PTUZ breathes fire over govt’s abandonment of ECD teachers

ECD children play with their teachers at a makeshift nursry school within the settlement

THE Progressive Teachers’ Union of Zimbabwe (PTUZ) has come out guns blazing over government’s recent decision to stop paying Early Childhood Education (ECD) teachers’ salaries.


PTUZ President Takavafira Zhou yesterday said his union was shocked by government’s dereliction of duty.

“It is nauseating that the new Minister of Primary and Secondary Education, Paul Mavima, had the temerity to say parents have to either send their children to private schools or pay for teachers’ salaries,” Zhou said.

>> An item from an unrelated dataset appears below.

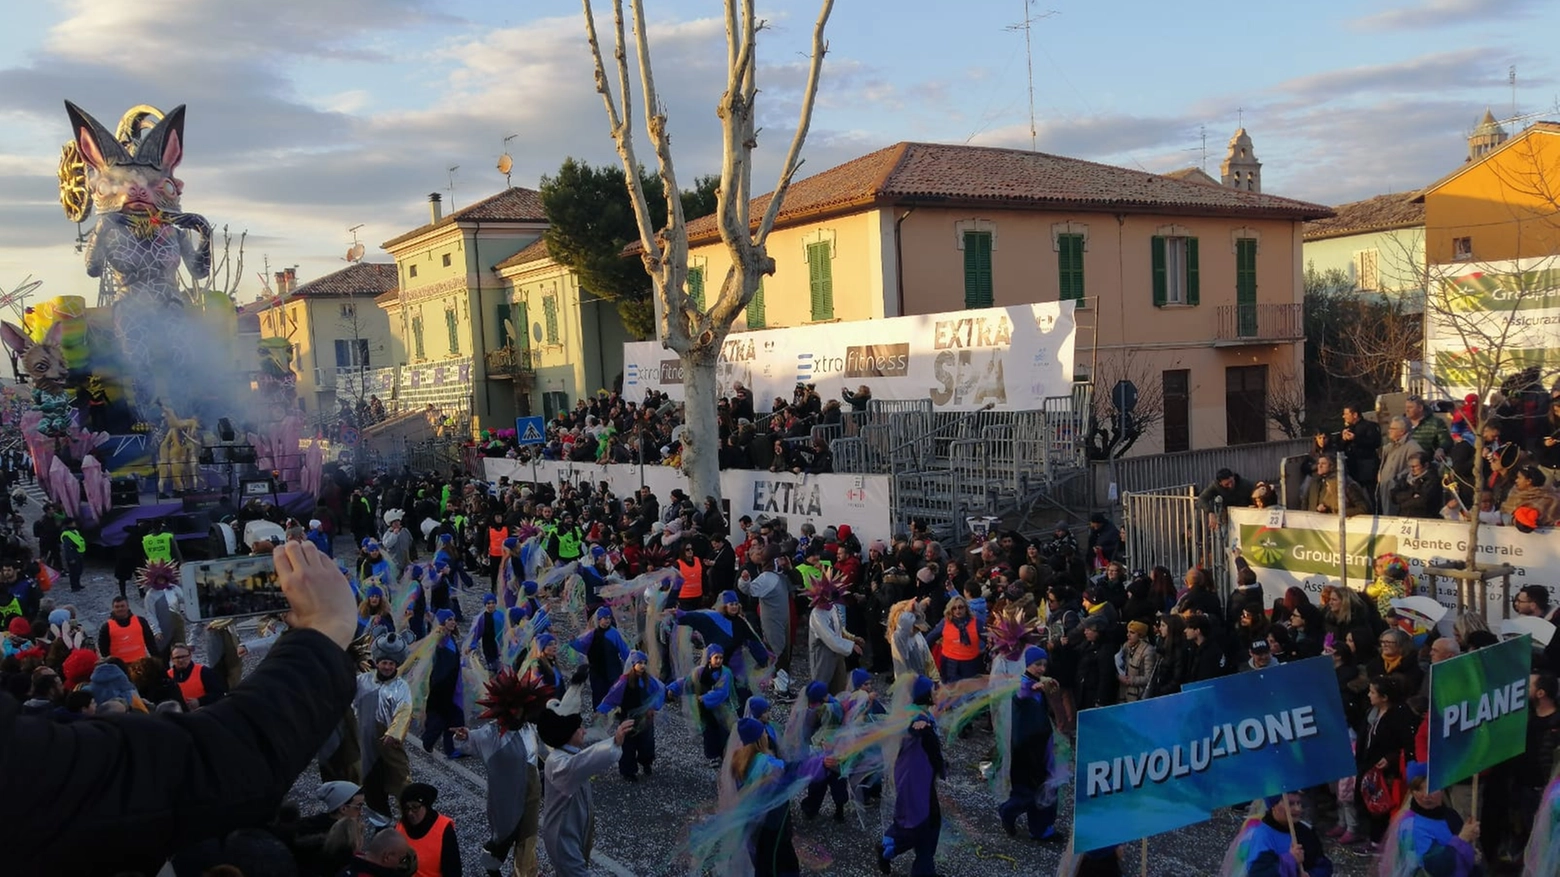 La sfilata del carnevale di Fano (foto Petrelli)

“PTUZ takes great exception to such a callous decision and monumental injustice, fundamentally the 1999 Nziramasanga Commission recommended a nine-year primary education, which schools have introduced with the integration of ECD A and ECD B in formal primary school education.”

“The law does not apply in retrospect and (Finance) minister (Patrick) Chinamasa, as a lawyer, and Mavima must be reminded that their enunciation cannot be applied on ECD teachers already in schools, unless if they want to create a legal lacuna,” he said.

“PTUZ, therefore, urges government to mellow to a more constructive approach permeable to reason, law and facts. We also call for teachers across unions’ divide as well as parents to engage a high gear and be ready to resist this educational vandalism by any means necessary at an opportune time.”

Parents in Bulawayo have since said Cabinet should not have approved the ECD programme in the first place if it did not plan to fund it.

They said they would soon lobby for the scrapping of ECD classes until such a time when the government has secured funding for the teachers, indicating that government should not pass the buck to parents as they have no money.

1 Comment

  1. I think govt must support ECD teachers, especially in the rural areas. In town, people can send their children to pre-schools as they have always done before, but in rural areas its tough. There are no resources. The only infrastructure in the already existing schools and parents there are generally poor.